PROVIDED DATA:
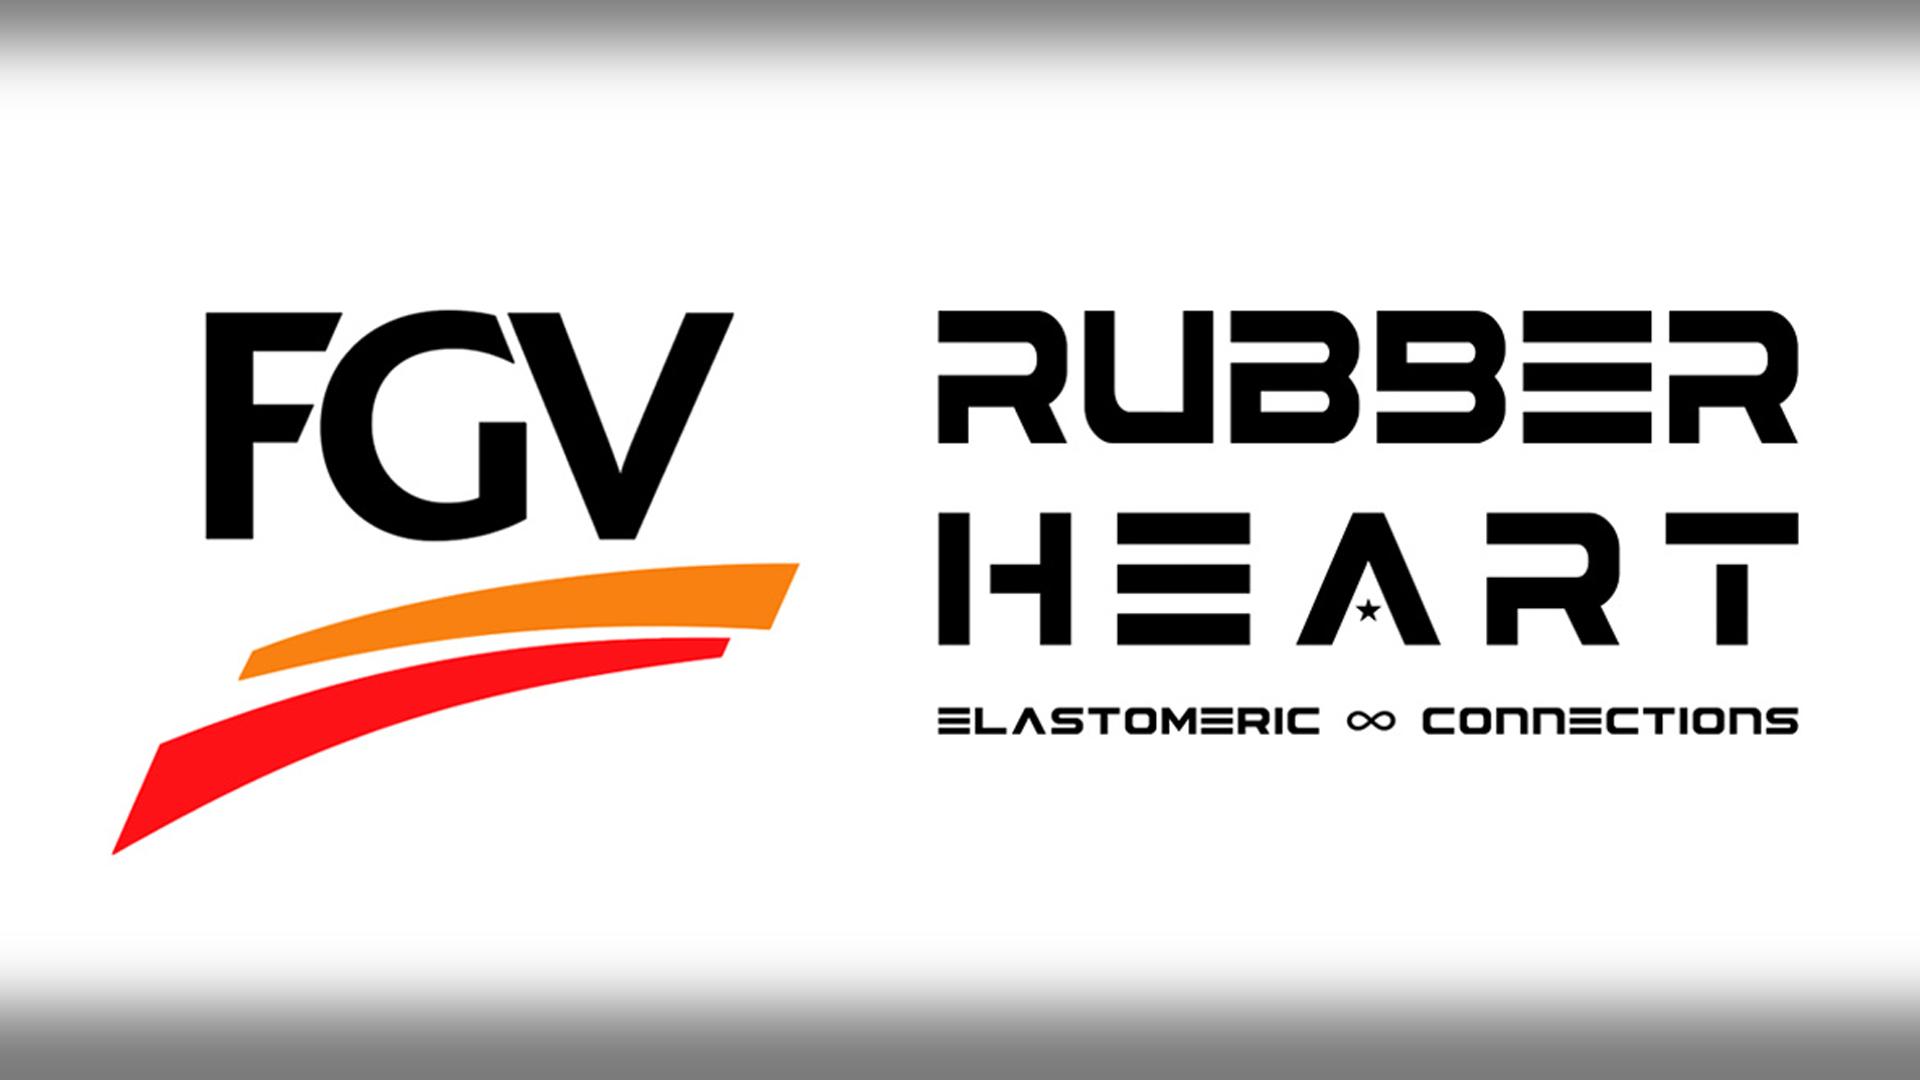 FGV Rubber Heart
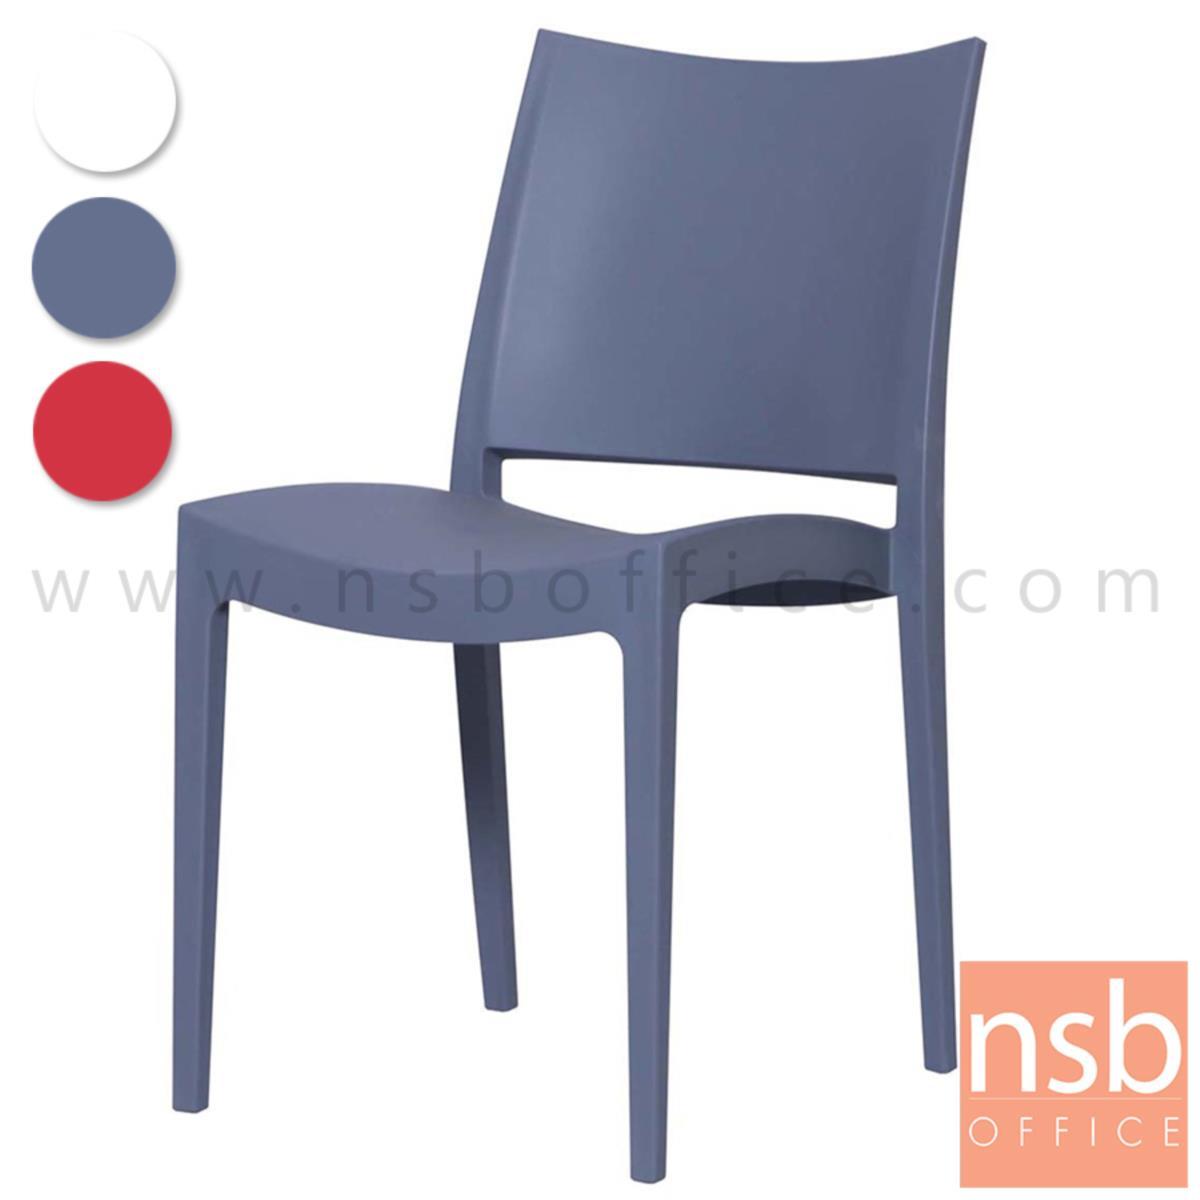 B11A046:เก้าอี้โมเดิร์นพลาสติกโพลี่ รุ่น Hepburn (เฮปเบิร์น)  ขนาด 43W cm.
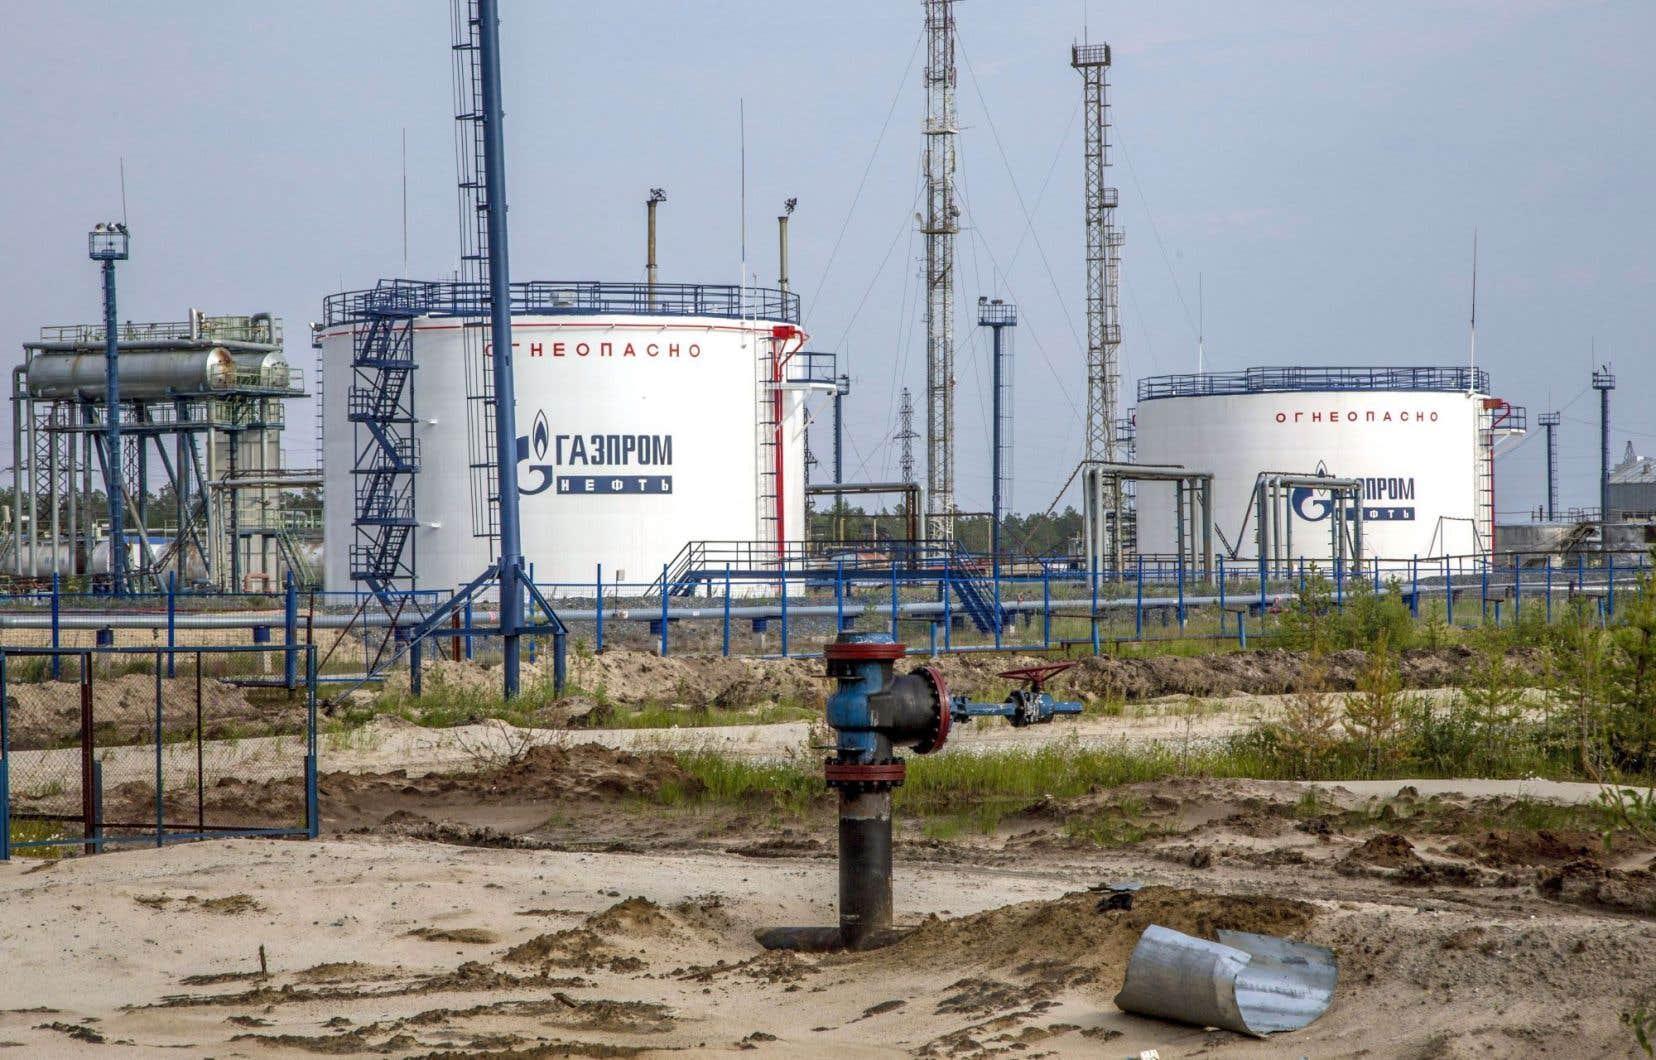 La production de pétrole russe a beaucoup augmenté ces dernières années.
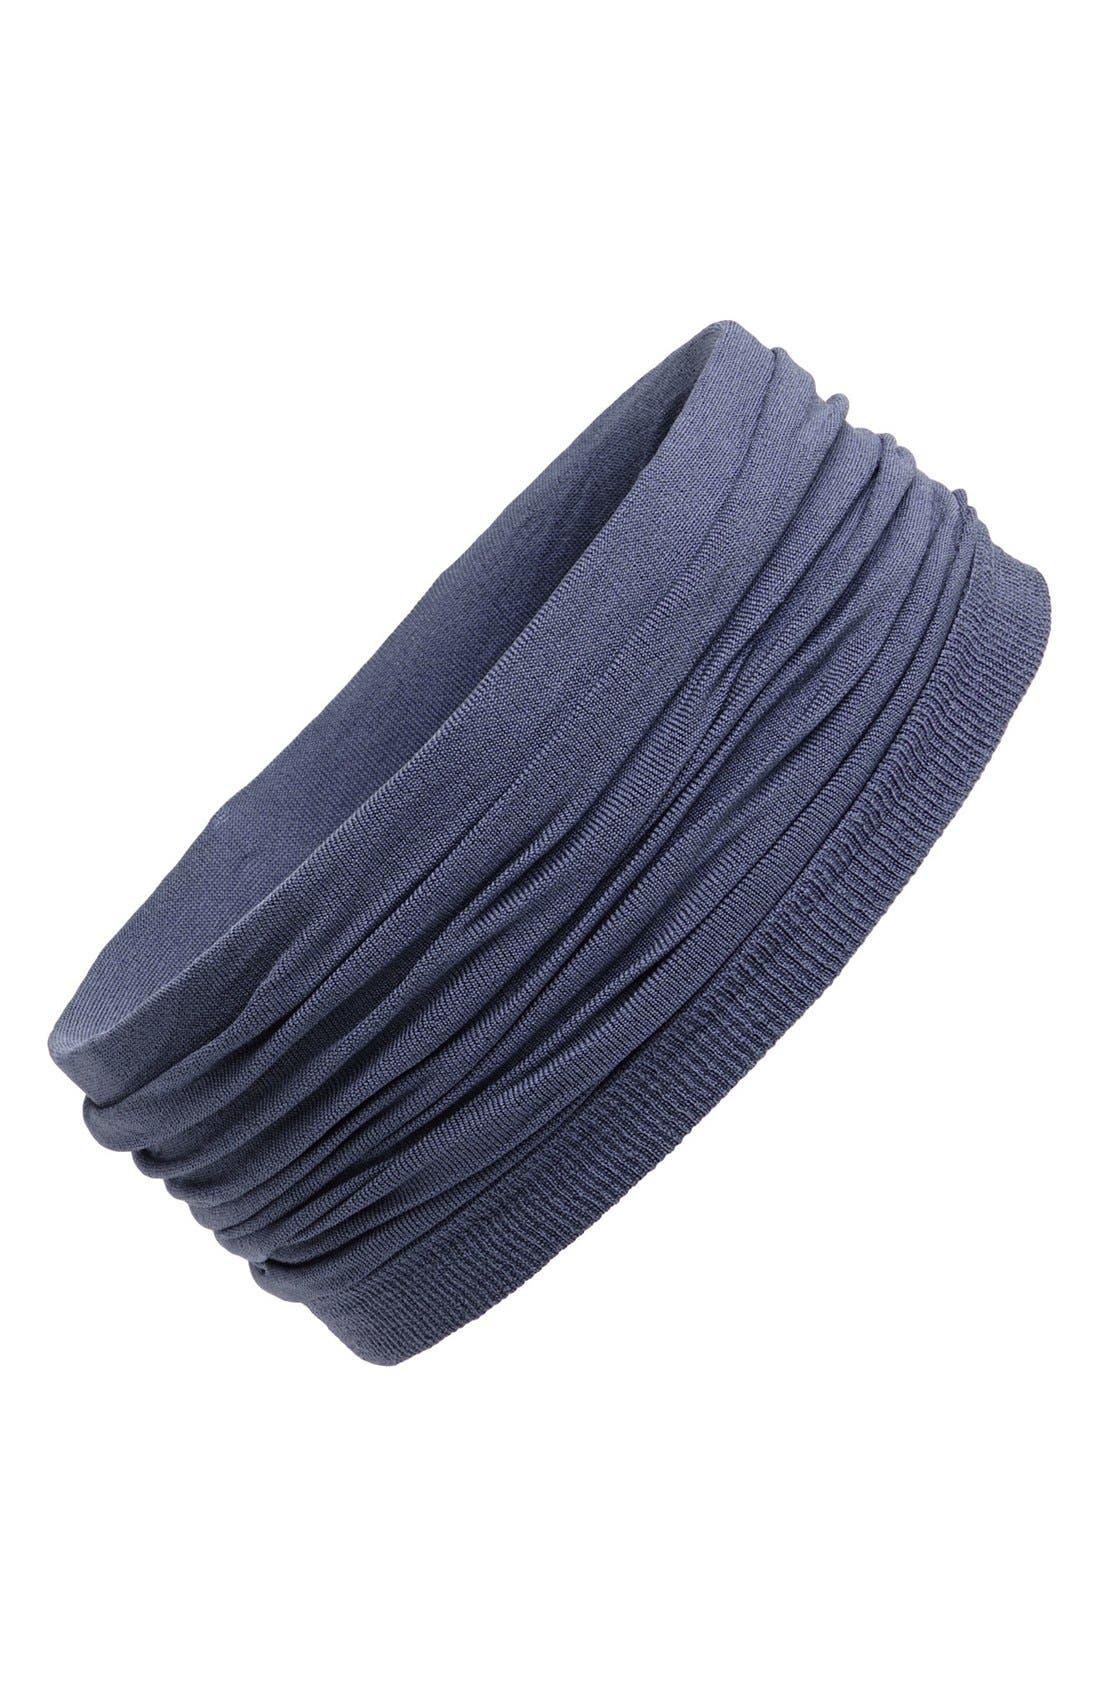 Relaxed Turban Headband,                             Main thumbnail 4, color,

TASK ITEM: Quote exactly the lines from the one that contains "B11A046:เก้าอี้โมเดิร์นพลาสติกโพลี่ รุ่น Hepburn" through the end of the listing above, both ends included, leaving out the pictures.

FINAL ANSWER:
 B11A046:เก้าอี้โมเดิร์นพลาสติกโพลี่ รุ่น Hepburn (เฮปเบิร์น)  ขนาด 43W cm.
 La production de pétrole russe a beaucoup augmenté ces dernières années.
 Relaxed Turban Headband,                             Main thumbnail 4, color,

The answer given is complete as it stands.